Open-source framework for real-time AI voice
10 months ago
- #AI Agents
- #Python SDK
- #Real-time Communication
- The AI Agent SDK is a Python framework for developing real-time multimodal conversational AI agents.
- It enables AI-powered agents to join VideoSDK rooms as participants, facilitating seamless voice and media interactions.
- Key features include real-time communication (audio/video), SIP & telephony integration, virtual avatars, multi-model support, and conversational flow management.
- The SDK supports integration with various AI models and tools like OpenAI, Gemini, AWS NovaSonic, and more.
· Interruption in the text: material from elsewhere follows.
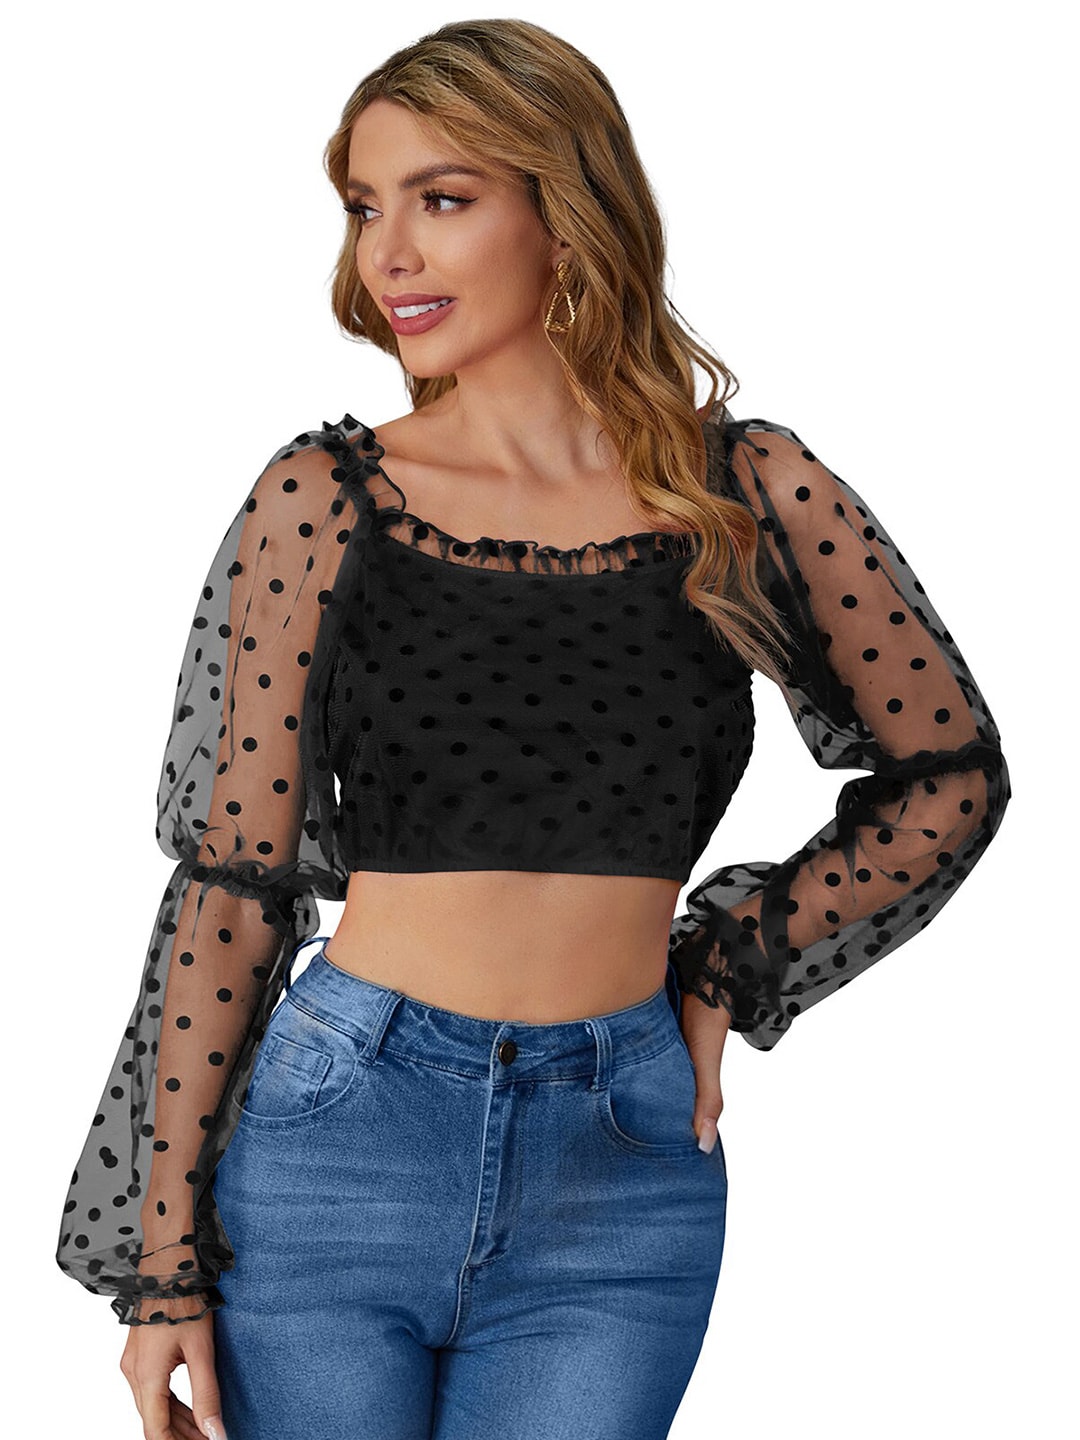 ODETTE Polka Dot Printed Square Neck Puff Sleeves Crop Top Price in India

- Setup requires a VideoSDK authentication token, meeting ID, Python 3.12+, and third-party API keys for services like OpenAI or Google.
- Developers can create custom voice agents by inheriting from the base Agent class and defining function tools for extended capabilities.
- The framework supports both external and internal function tools, decorated with @function_tool.
- Example use cases include hospital appointment booking, flight and hotel inquiries, weather queries with avatars, and e-commerce scenarios.
- Contributions are welcome, including feedback, bug fixes, new features, plugins, and documentation improvements.
- A guide is available for creating custom STT, LLM, or TTS plugins to expand the framework's capabilities.